All sample data were imported into Nexus (BioDiscovery Inc., Hawthorne, CA, USA) and segmented using SNP-FASST, a circular binary segmentation algorithm. Copy number gains were called if the log2 ratio of the segment was >0.15 and losses called if < –0.15. To reduce spurious calls, the genome was masked using a list of published problematic regions, including highly repetitive centromeric regions, where DNA copy number cannot be accurately measured [8].
Total CN profile overlap analysis was performed using Partek Genome Suite (Partek Inc., St. Louis, MO, USA). CNA segments for each matched pair were imported and the “finding regions in multiple samples” tool run, matching for event type (amplification/deletion). This tool reports each CNA region shared at base-pair resolution as well as each CNA region unique to a sample. Shared CN neutral regions were calculated by subtracting the length of all shared CNAs as well as sample only CNA events from the total base pairs covered.
Median Absolute Pair-wise Difference (MAPD) score was calculated as follows: if xi: is the log2 ratio for marker i: then MAPD = median(|x
i+1
− x
i
|,i ordered by genomic position). This metric provides a measure of the noise of the sample that is less dependent on true biological copy number variation than, for example, standard deviation.
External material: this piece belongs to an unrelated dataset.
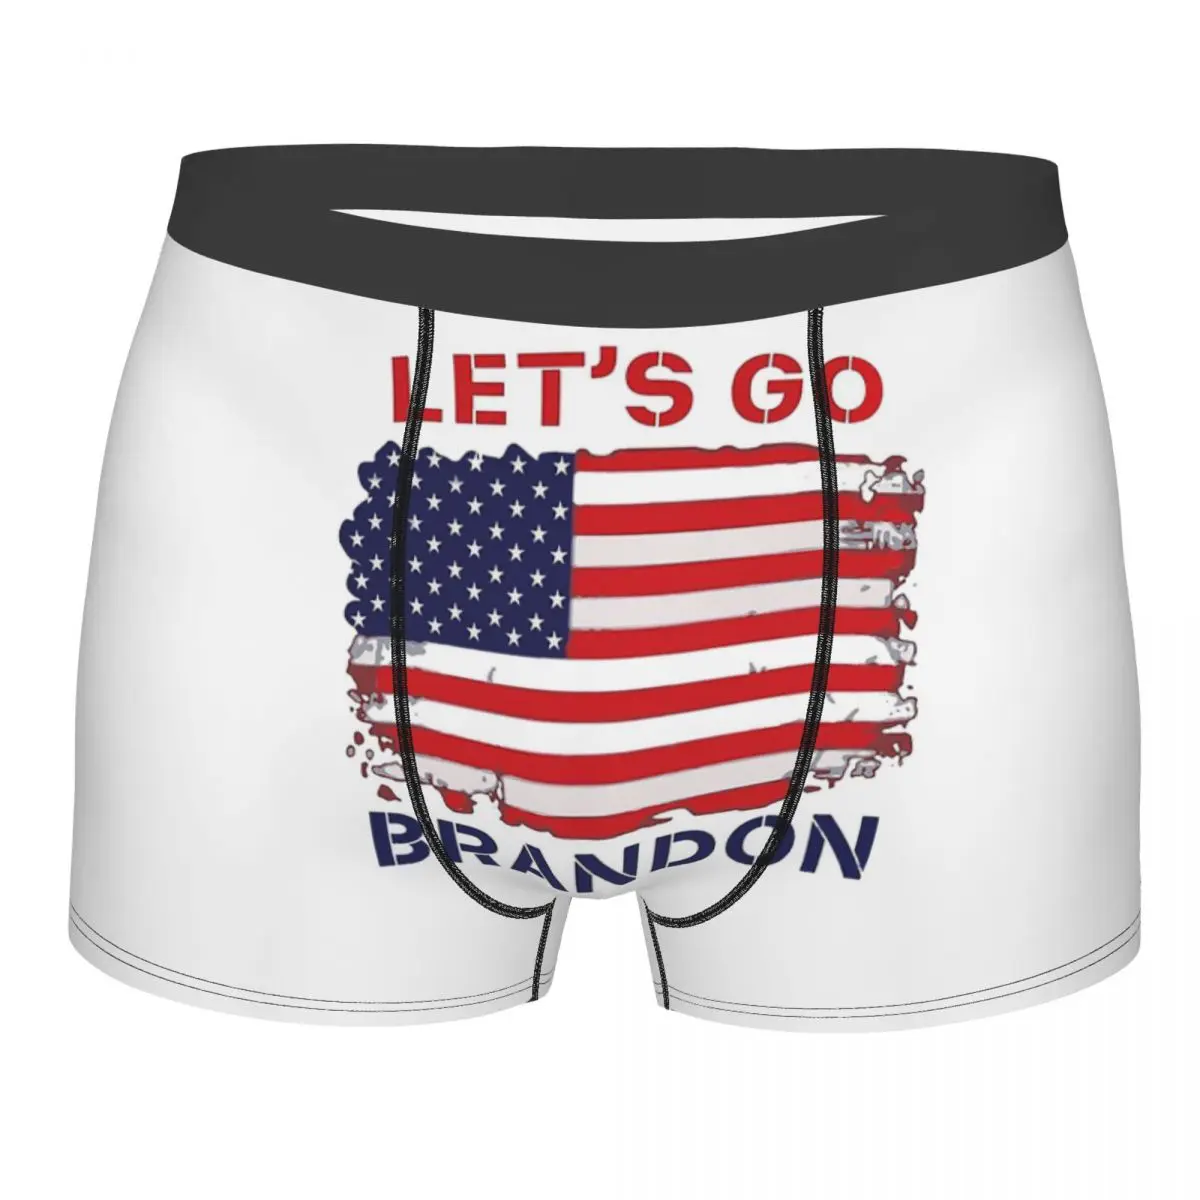 Let's Go Brandon LMen Women Vintage American National Flag Underpants Panties Men's Underwear Sexy Shorts Boxer Briefs

FREEC normalized read counts in 50 kb bins were extracted from regions called as a gain or loss by FREEC in at least one of the 5 ng, 20 ng, and 100 ng DNA inputs or the WGA libraries for MCT-4 and MCT-6 LC WGS data. Gains or losses in regions lacking MIP array probes and regions in the blacklist of Scheinin et al. [8] were filtered out. The Pearson correlation of bin counts in these CNA regions was calculated and used to cluster by Euclidean distance using the hclust() function of R 3.2.1. Correlation between samples was visualized using the pheatmap package.